Pratt is entered up through the end of the season. He’ll hit the last few rodeos in the Northwest Run – including Lewiston, Idaho, this week and Pendleton, Ore., the week following. He’ll rope at a handful of rodeos in Texas and the Southwest before a few more in the Midwest.

Come October 1st, he’ll be looking forward to a little bit of a layoff. Pratt’s been nursing a hip flexor injury from this spring and with consistent traveling and competing, there hasn’t been much time to rehab.

“I still wear a brace for it. It doesn’t really hurt anymore, but for some reason it’s still kind of there.” Pratt said. “I feel like when I get home I’ll take a couple of weeks and let it just rest. Every time you step across a calf you can tweak it or pull it.

At first, neither Pratt or doctors could pinpoint the issue.

“For a while it hurt pretty bad. Docs thought it was my groin, but it wasn’t,” he continued. “I took a couple of weeks off this spring, but we were treating the wrong thing. Now that I know what it is, you just stretch it out, ease it around.

One thing that doesn’t help? Driving long distances.

“Sitting in the truck isn’t good, it tightens up.”

While Pratt might not be 100 percent, his horsepower is looking good.

“A good friend of mine let me borrower a horse of his (Tuffy) to use as a No. 2 horse, I’ve ridden him about 10 times. Then I got my good horse, Six. It’s been a blessing to give Six a break at times.”

Despite being in Pratt’s hometown with his extended family, they haven’t had enough time to enjoy the reunion.

“Man, not really. We’ve been in and out. Last week we were home for two days and then went to San Juan, Coeur d’Alene, Kennewick and Bremerton. As soon as we got home from Coeur d’Alene we spent one day here then went to Walla Walla and Armstrong, BC.

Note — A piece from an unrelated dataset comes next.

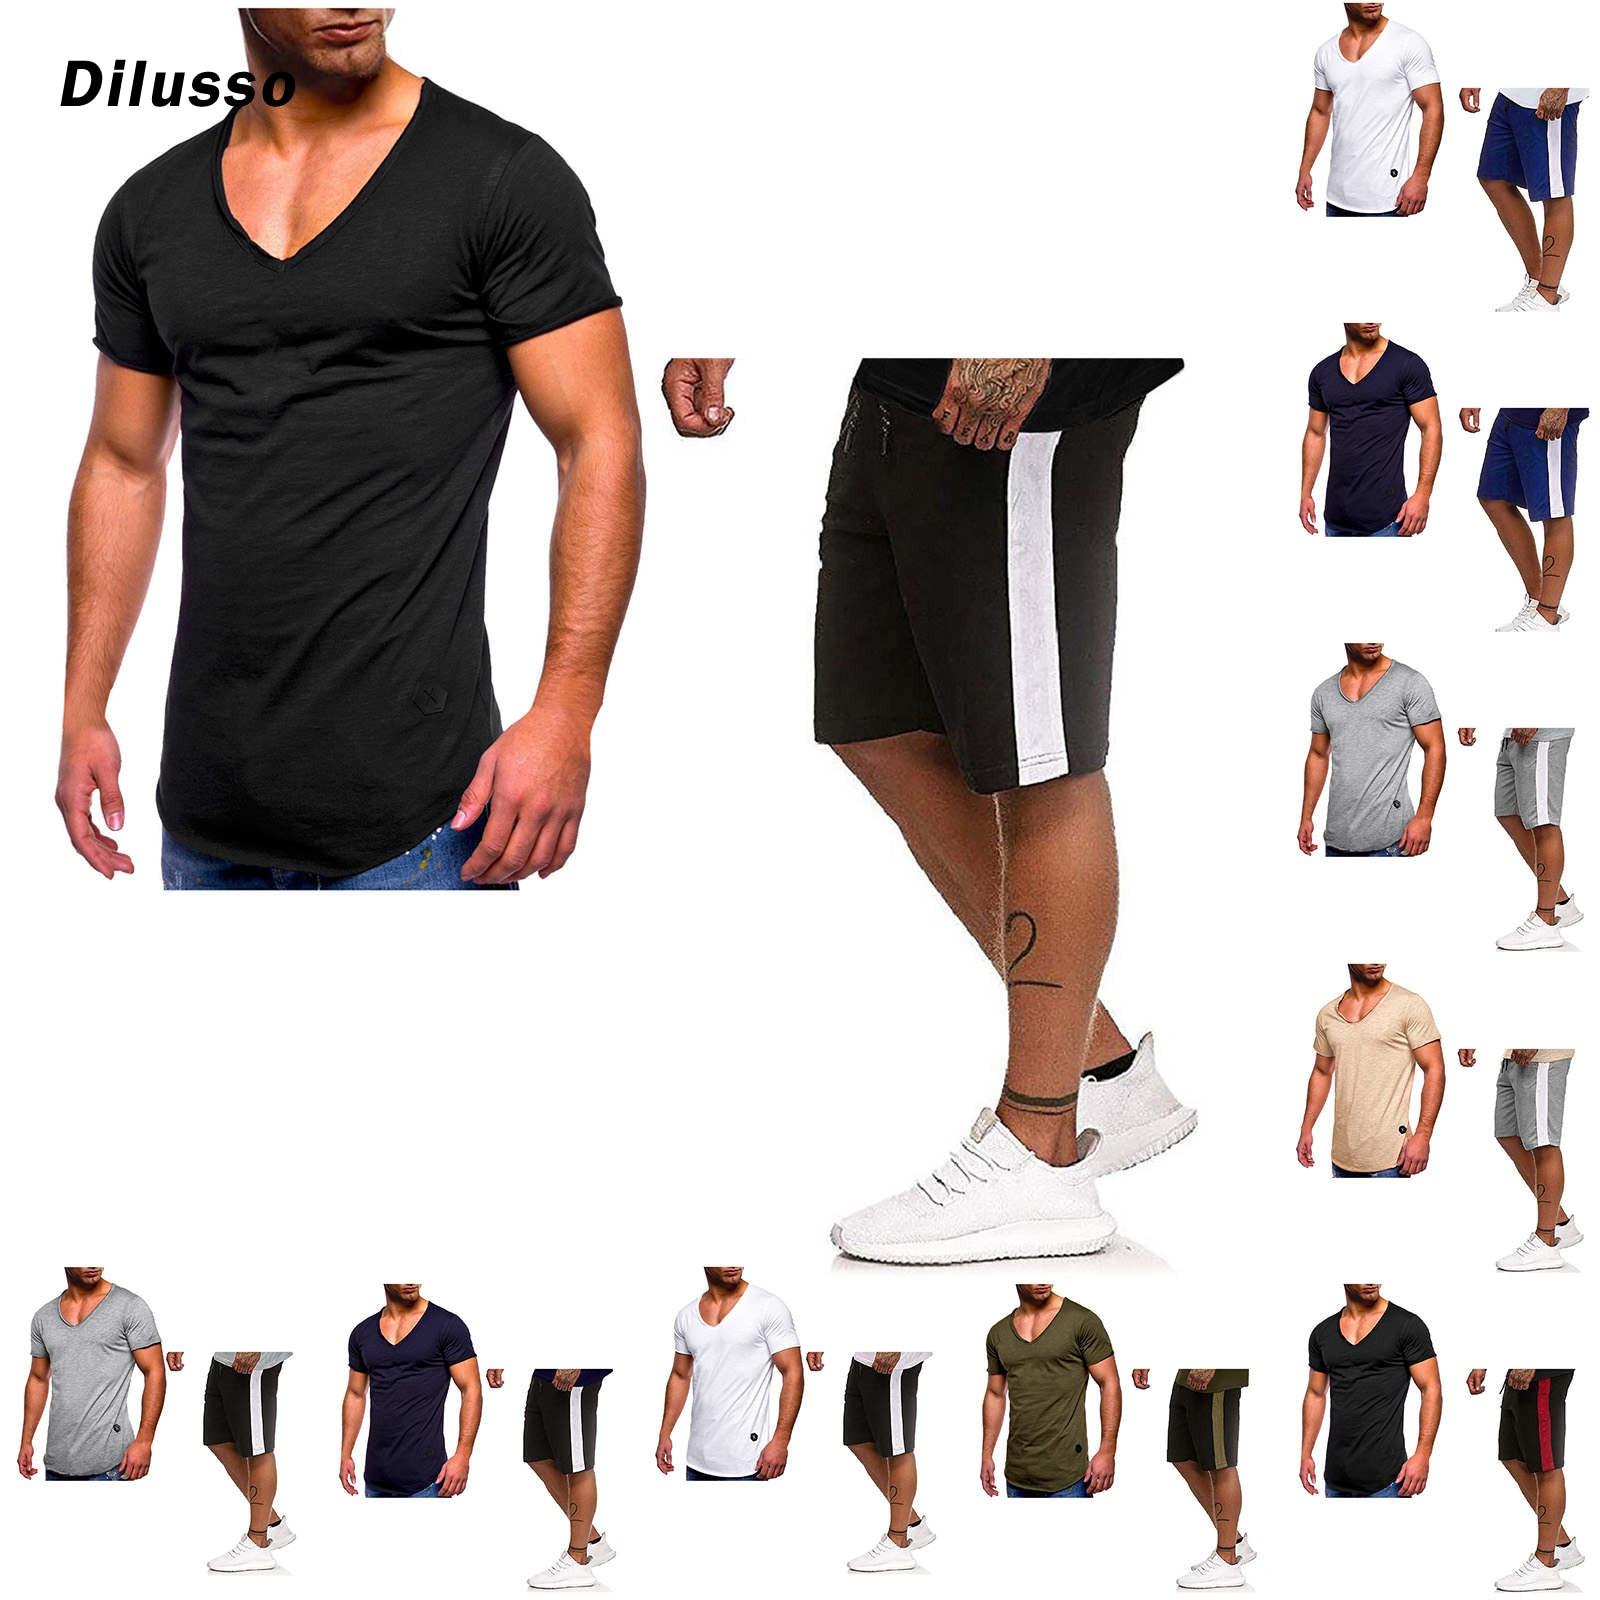 Details about  /Gunners Den Sport Leisure Tee Mens TV Film Crew Neck Short Sleeve T-Shirt Top

“Next week it’ll be nice. We’ll get to spend a little time with my parents and grandparents because I’m not up until Friday and Saturday in Spokane and Lewiston. And then shoot, the next week we head down to Pendleton on Monday, rope there Tuesday and Wednesday and then head to Albuquerque.

“I would like to have more time, but you’ve got to take care of business.”

Pratt’s not the only one taking care of business. Rainy is a barrel racer who picks and chooses what rodeos to enter when it works with the family’s schedule. She chose very well this week as she placed second in Ellensburg’s first round with a 17.38-second run for $1,999. Her second run during Friday night’s performance was 17.52 which split 10th three ways for $74. Even better, her 34.90-second aggregate on two is fifth in the average. A solid short round run could net the family another few thousand in go-round and average money.

Regardless of the payday, the four Pratt family members will be on the road together as the kids are road warriors.

“They really enjoy going to the rodeos, that makes it a lot easier.”